Tamworth servants scurried to be ready before the cart and reapers and neighbors arrived. The Duchess and Dulcinea sat watching the activity in the duke's massive oak chair, brought outside for the festivities. She would give up her place to the corn baby when it arrived and would make the first toast to the hard work and successful harvest with a tankard of her best ale, ale that would flow freely all evening and late into the night. Servants staggered by her, toward the rough tables set up on the lawn and covered with her best linen tablecloths, carrying plates piled high with boiled potatoes and cabbage and turnips and carrots. Perryman and the footmen were bringing out roasted and boiled beef, mutton, veal, and pork.
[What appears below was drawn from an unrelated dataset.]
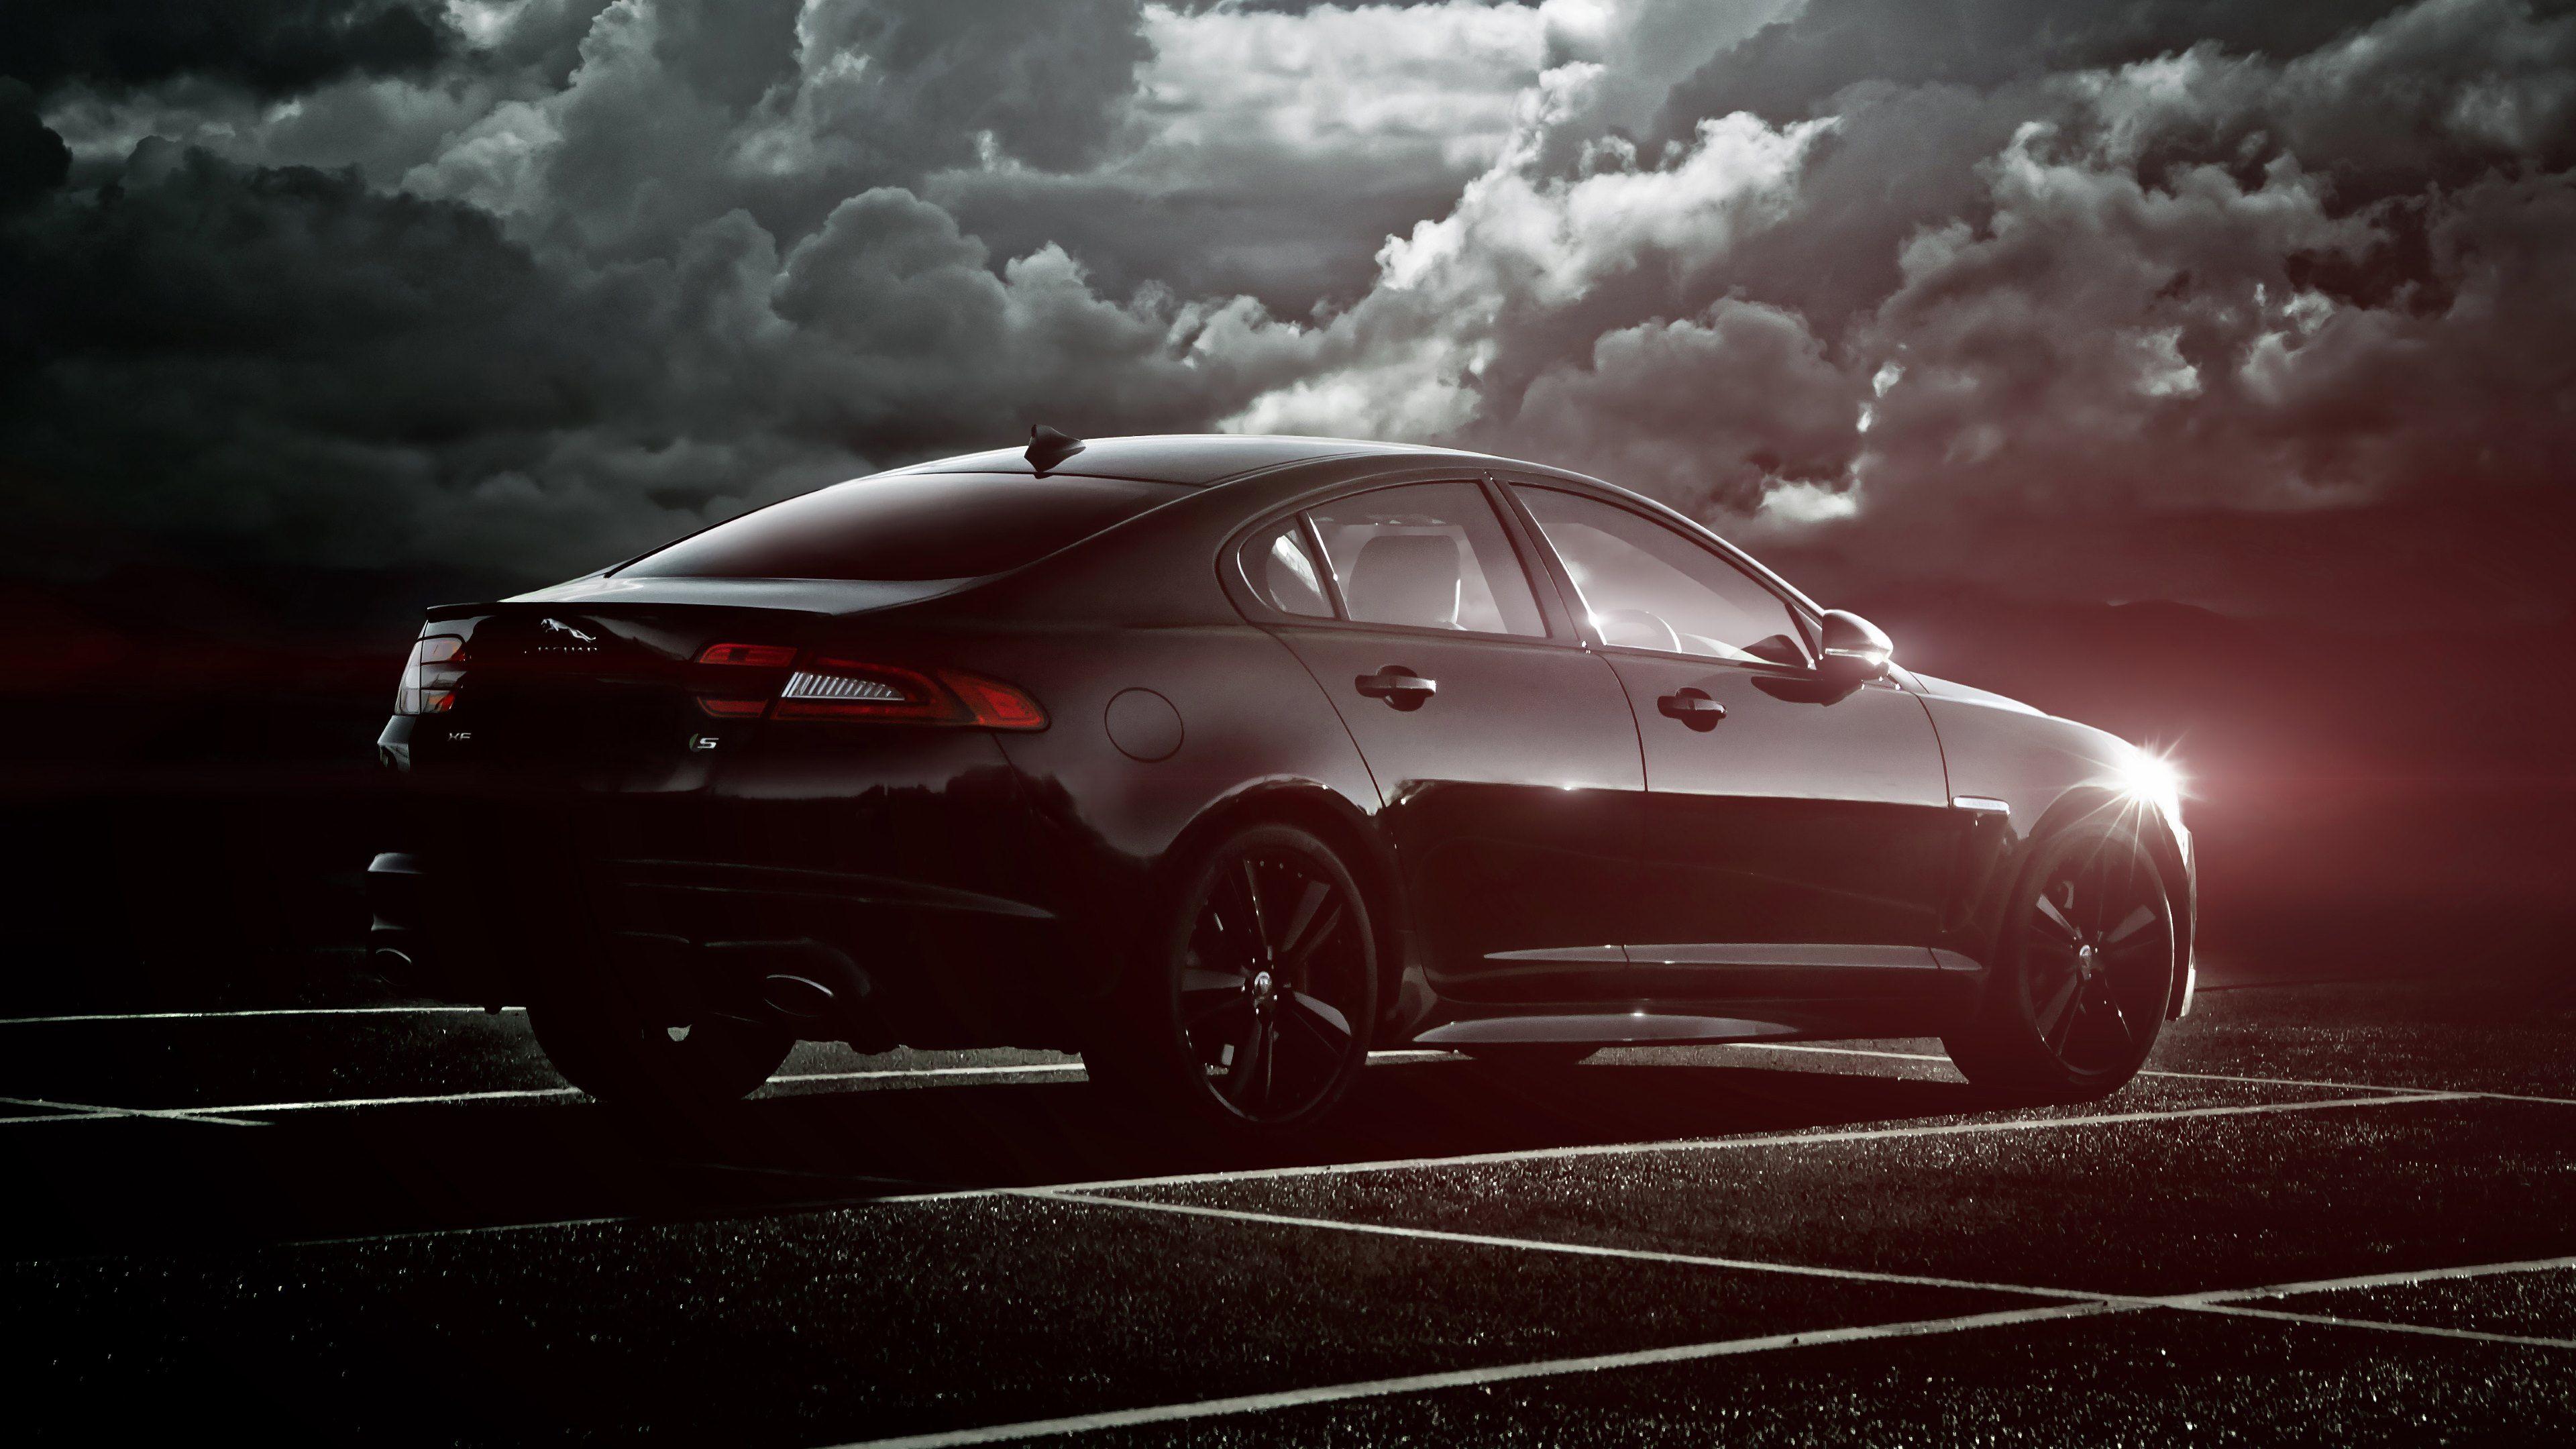 Hd wallpaper jaguar - Jaguar Xf Hd Wallpapers Free Download

For days Cook had been making custards and apple pies, both now being carried to the tables hot and smoking from the ovens. There was ale and tea and cider. The village fiddler sawed on his fiddle, warming up for the night of leaping country dances ahead. The Duchess smiled at the bustle around her, proof of her good management of Tamworth's bounty against a cold winter or late spring. There would be enough for Tamworth and for any neighbors or tenants not as fortunate.
Sir John Ashford from Ladybeth strolled over to her. The next harvest suppers would be his and Squire Dinwiitty's. He had arrived early to read her latest letter from Abigail (and to sample her ale).
"The ale is bitter this year, Alice."
She glared up at him. Her ale was always excellent. He had some fool notion that Ladybeth's was sweeter.
"Abigail and Maude seem to agree on the situation. Maude wrote us that the city was on pins and needles about the price of stock, too. Royal Assurance is down. And South Sea," he said.
"I sold out in May," the Duchess replied. "I do not hold with so much loose paper scrip. Give me a solid bag of gold coins every time." Scrip entitled its owner to shares in a joint–stock undertaking and was exchanged for a formal certificate when payment for the stock was made. It was now functioning as money, but scrip from goldsmiths, banks, South Sea, and other joint stock companies were all competing chaotically against one another.
Sir John frowned at her and moved on. They did not agree on economics, but then what did they agree on? she thought. It was the arguing that mattered. Doubtless after he had drunk more of her bitter ale, he would return to expound upon his own theories. Well, she had spent the morning resting, and she would be ready for him.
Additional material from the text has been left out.